What kind of department stores did we have in Rocking Chair? they asked.

Belk.

They found that uproarious, inquiring if the store sold only belts – har har – or if it was a general store as seen on the TV show “Hee Haw,” which had debuted that year.

Nearly five decades later, none of those stores in which my pals took such pride even exist. Hecht’s is just a memory, as are Garfinckel’s and Woodie’s – the name sophisticated cityfolk used for Woodward & Lothrop. They can be found only on that dusty, discontinued clearance rack in the backs of our memories. Macy’s purchased and converted some Hecht’s, but recently announced it was closing 68 more stores. Among those falling under the ax is the Macy’s at Northgate Mall in Durham.

My buddy and first editor here at the N&O, George Lawrence, had similar childhood experiences to me. We both used to get teased for being from down South and for his accent.

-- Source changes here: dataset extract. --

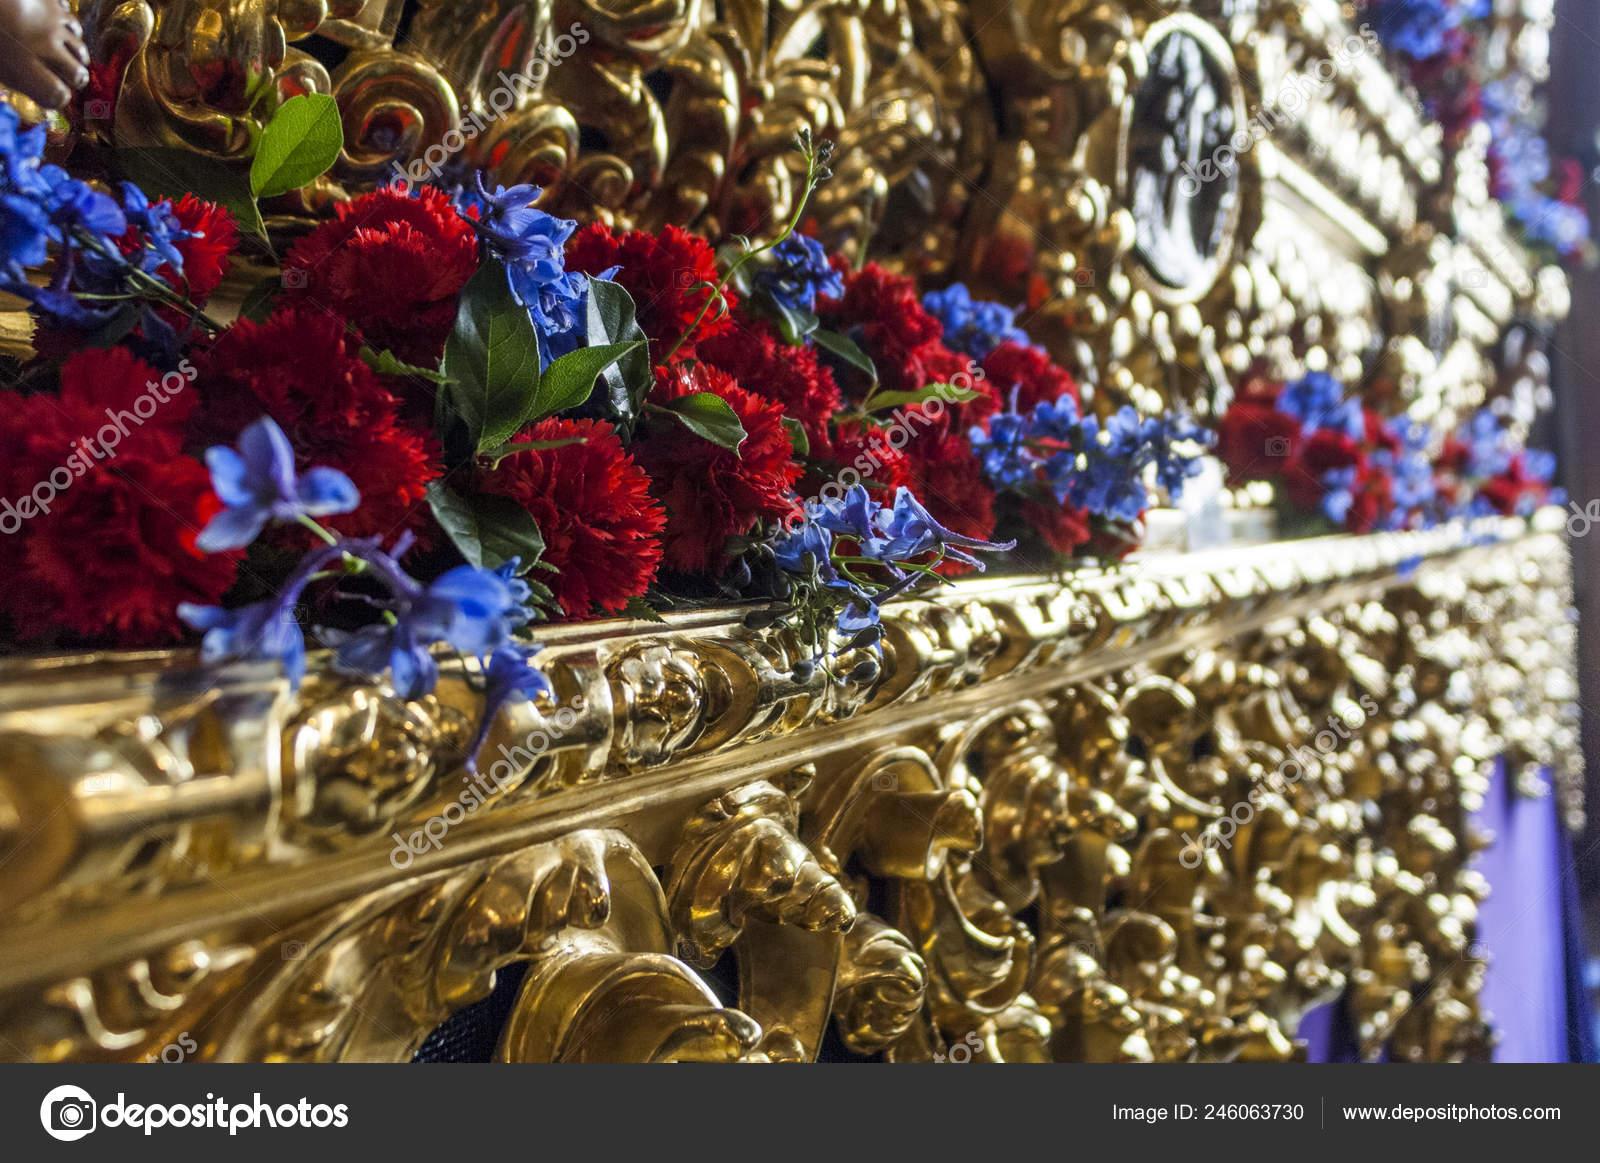 Detalle Talla Madera Decoración Floral Carroza Del Cristo

Belk, though, is still sailing along. Naw, it isn’t the distinctly Southern institution it was a few years ago, having been purchased 13 months ago by a New York-based private equity firm, but its roots are still in the South. Even though I own no stock in it and spend way too much money there – I’m a sucker for a Red Dot Special – I felt inexplicable yet genuine regret when the family sold it and it was no longer a North Carolina institution.

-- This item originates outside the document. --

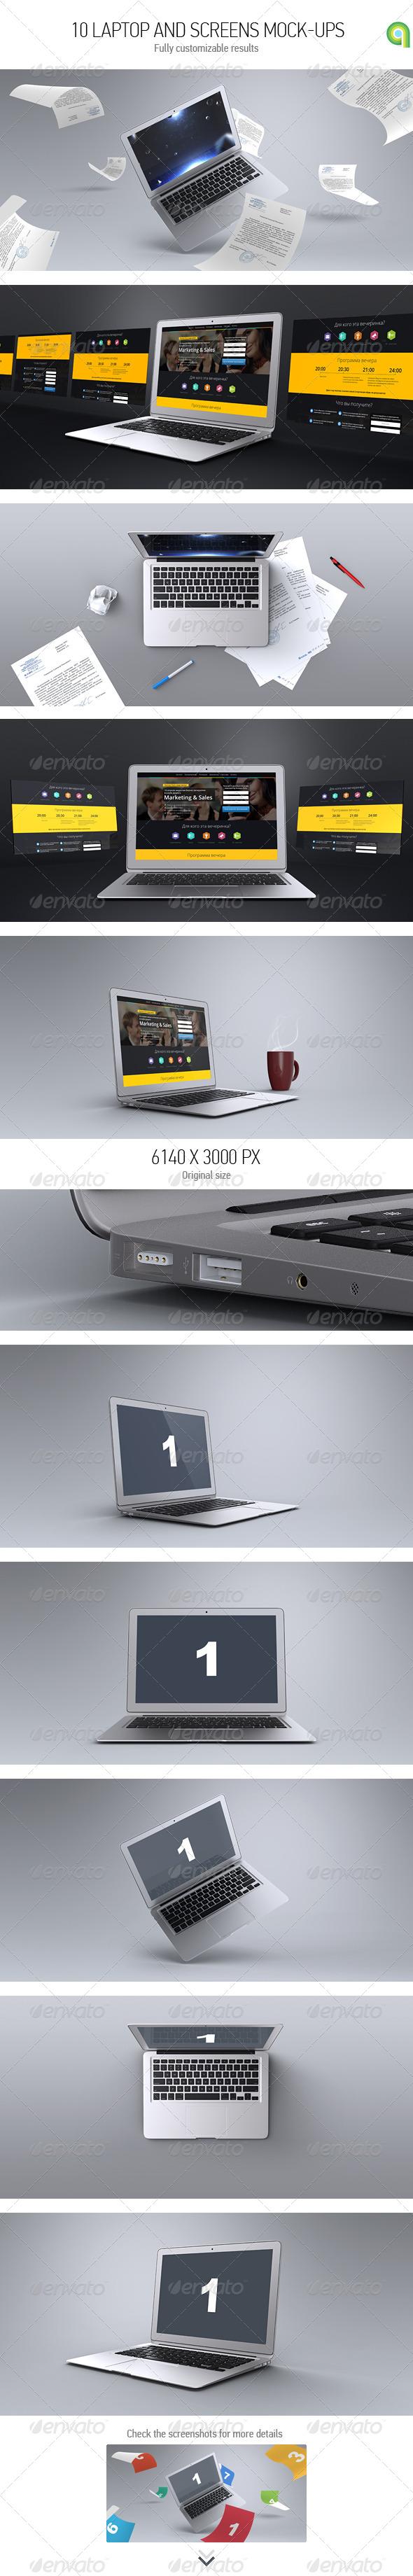 Laptop & Screen Mockup

How much of an institution was it?

The Rockingham Belk moved from downtown to the shopping center 50 years ago, but its former home – despite numerous incarnations since then – is still referred to as “the old Belk building.”

It wasn’t just the imminent shuttering of the Macy’s at Durham’s Northgate Mall that brought to mind the provincial putdowns of those long-ago summers.

Remembering George

What else did was the death of my buddy and first editor here at the N&O, George Lawrence. Lawrence, 58, died last week, and his childhood experiences were similar to mine. Just as I was raised in Rockingham and spent summers in D.C., he was raised in Goldsboro and spent summers in Washington, as well. He, too, he told me, used to get teased for being from down South and for his accent.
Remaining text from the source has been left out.